By Alba Iranzo, IIDMA
On 12 July 2018, the State Supreme Court of Spain rejected a case filed by the Instituto Internacional de Derecho y Medio Ambiente (IIDMA) in 2017 against the Spanish Transitional National Plan (TNP) for large combustion plants. IIDMA had alleged that the TNP should be declared null because the public authorities had failed to conduct a strategic environmental assessment (SEA) prior to its adoption, and not allowed for effective public participation in accordance with the Aarhus Convention provisions during the TNP elaboration and approval.

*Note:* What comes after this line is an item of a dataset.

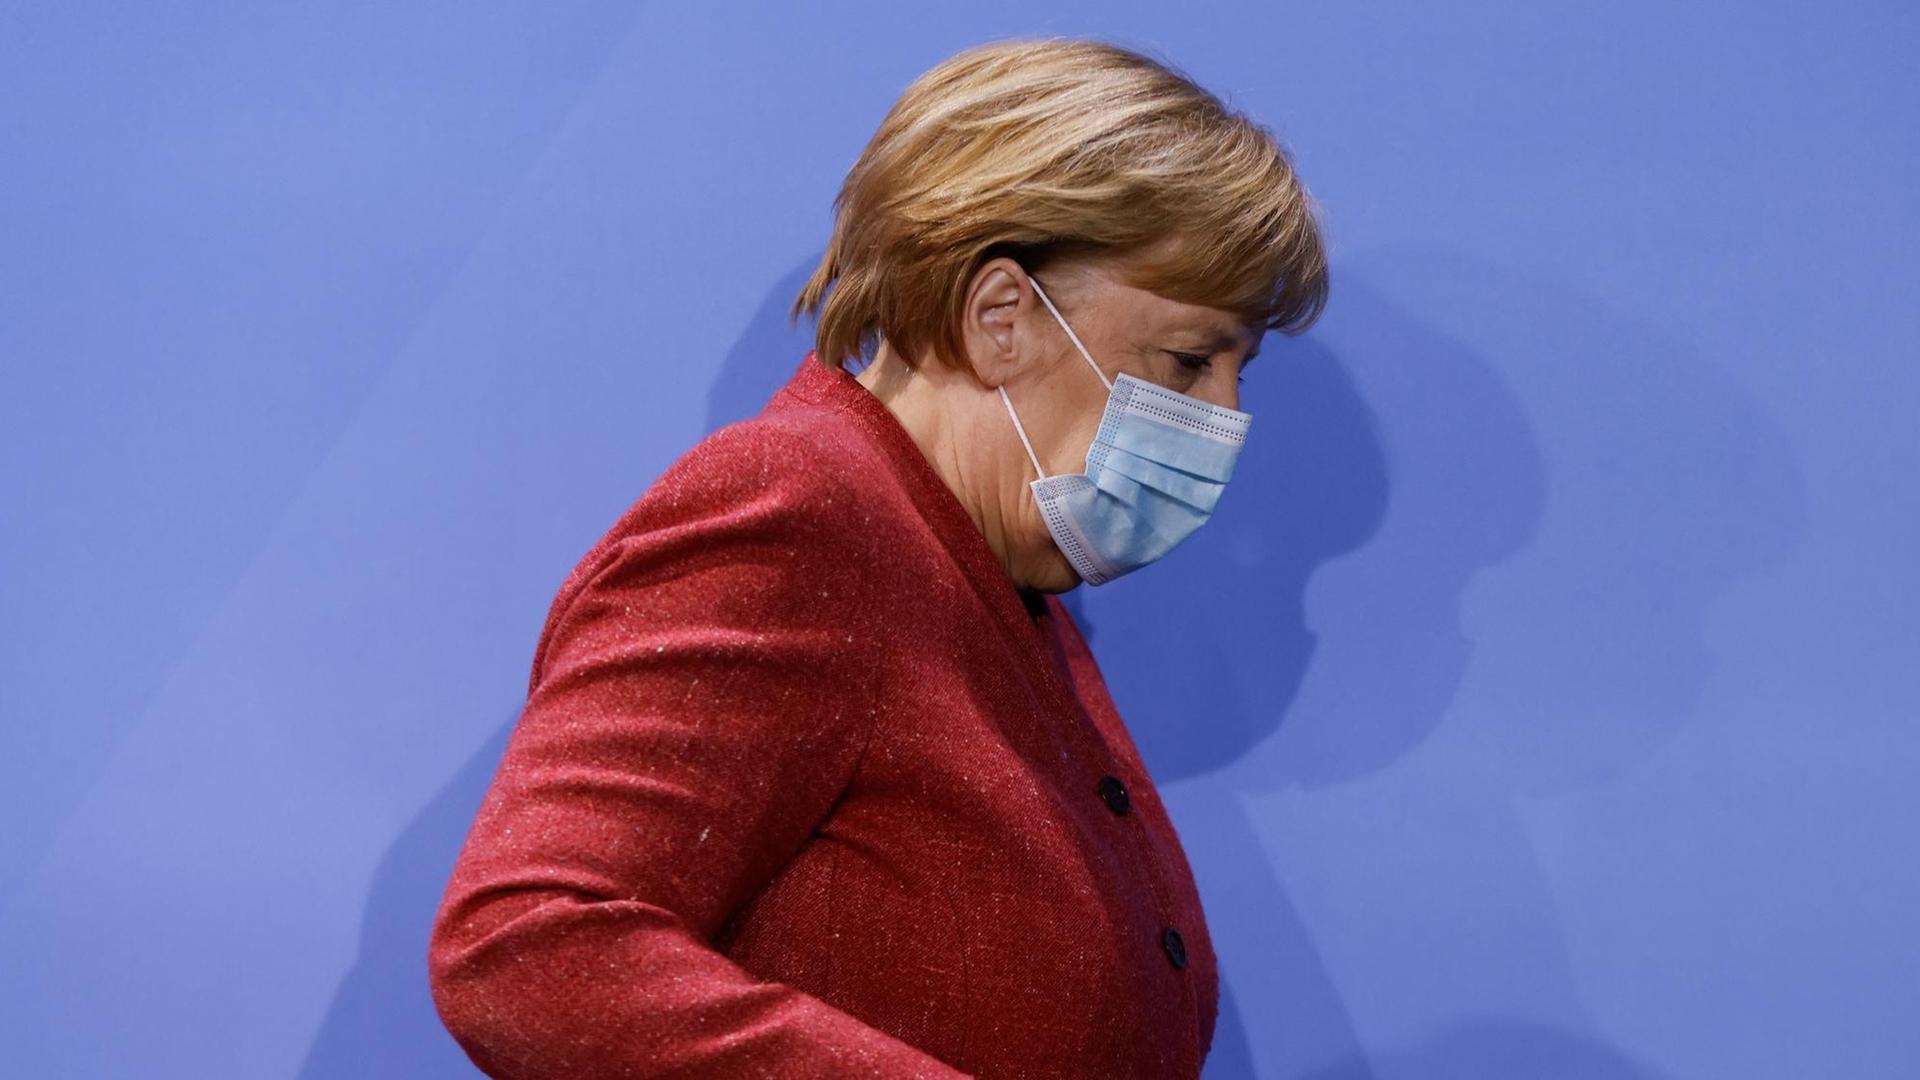 Bundeskanzlerin Angela Merkel (CDU) verlässt nach einer Pressekonferenz einen Saal im Bundeskanzleramt. Sie trägt einen roten Blazer und einen Mund-Nase-Schutz.
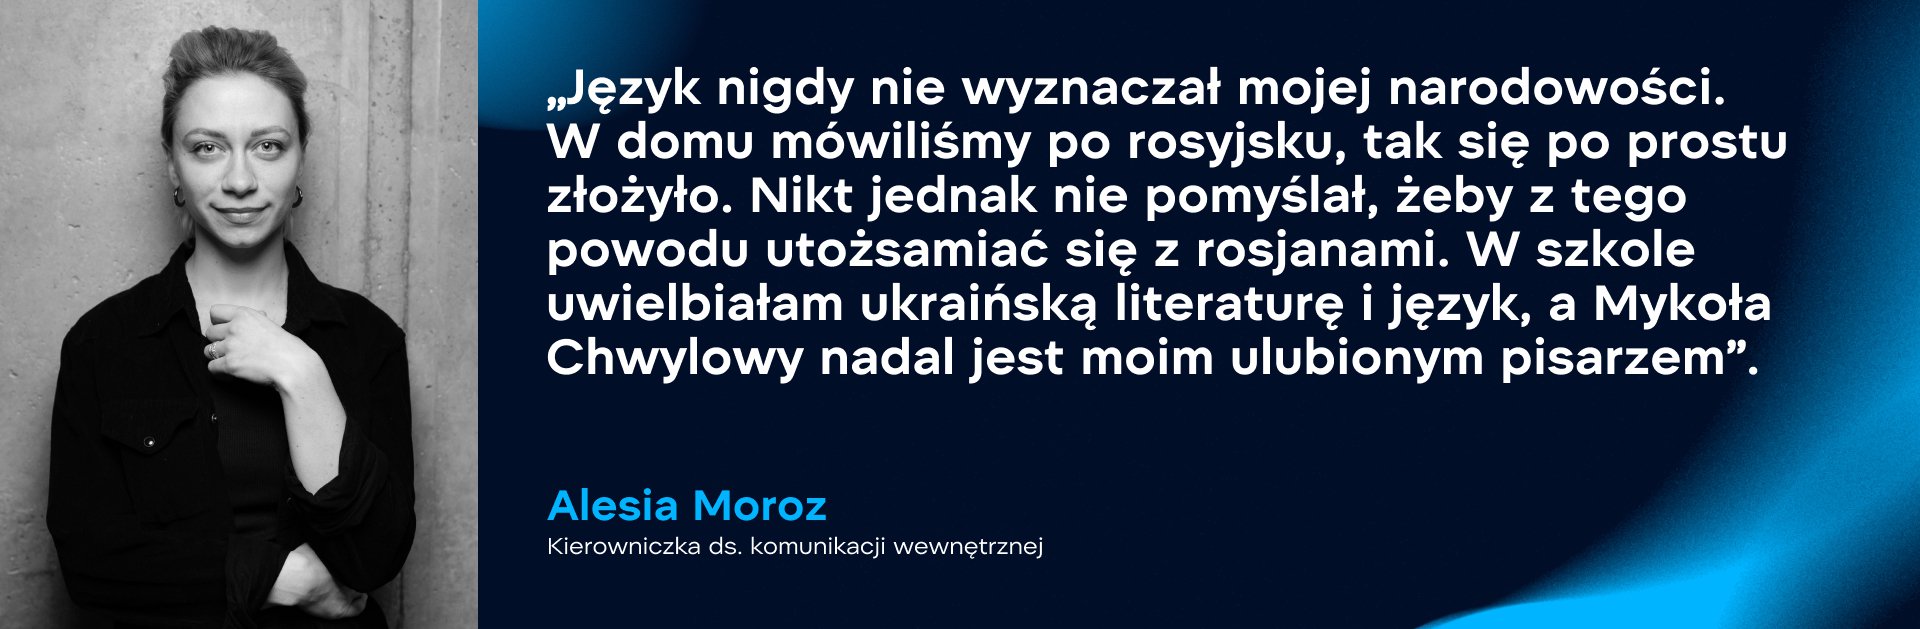 Alesia Moroz, kierowniczka ds. komunikacji wewnętrznej. Zdjęcie: WePlay Holding

The Supreme Court rejected all legal grounds brought by IIDMA without providing adequate legal reasoning. The Court’s Judgment mainly consists of a literal transcription of the legal arguments brought by the defendant (the State Attorney) and some co-defendants/intervening parties in their statements of defense. In fact, 62% of the reasoning contained in the judgment is copied word-for-word from the arguments used by the State’s Attorney, only the remaining arguments belong to the Court itself. The act of simply copying arguments does not allow the public to understand the intellectual process that led to the Court’s decision.
This lack of an adequate reasoning in a judicial decision represents a clear violation of the fundamental right to an effective remedy recognized in article 24 (1) of the Spanish Constitution. Spanish Civil Procedure Law 1/2000 establishes a clear obligation for Judges and Magistrates to state reasons in their judicial decisions. The relevant case-law from the Constitutional Court makes it clear that the obligation to state reasons entails a duty to reflect the intellectual and mental process followed by the Court when reaching its decision. In other words, the content of a judgment must allow the parties and society as a whole to understand the legal criteria which justify the ruling. By merely reproducing excerpts of the defendant and co-defendants statements of defence, this intellectual exercise by the Court was absent in the TNP case.
Given that constitutional appeals are subsidiary actions in the Spanish legal system, IIDMA had to first lodge a nullity action in order to ask for the annulment of the Court´s Judgment. Such an action is regarded as an extraordinary remedy with significantly limited possibilities of success, as it has to be filed before the same judicial body that issues the contested decision. The chances of a Court amending its own decision are generally very low. As expected, the Supreme Court declared the nullity action inadmissible and rejected the existence of a violation of article 24.1 of the Spanish Constitution by claiming that the Judgment provided sufficient and adequate reasoning.
In view of these facts, IIDMA has recently filed an appeal before the Spanish Constitutional Court challenging both the State Supreme Court´s Judgment of 12 July and its decision rejecting the nullity action. Both decisions fail to comply with the right to an effective remedy, not only from the perspective of the constitutional right to adequate reasons but also concerning IIDMA´s right of appeal.
Now, it is in the hands of the Spanish Constitutional Court to confirm the scope and meaning of the right to an effective remedy, especially as regards the adequacy of the reasoning of judicial decisions. There is no doubt that its ruling, in this case, will have a strong impact on access to justice, not only concerning environmental litigation but in any other legal matter.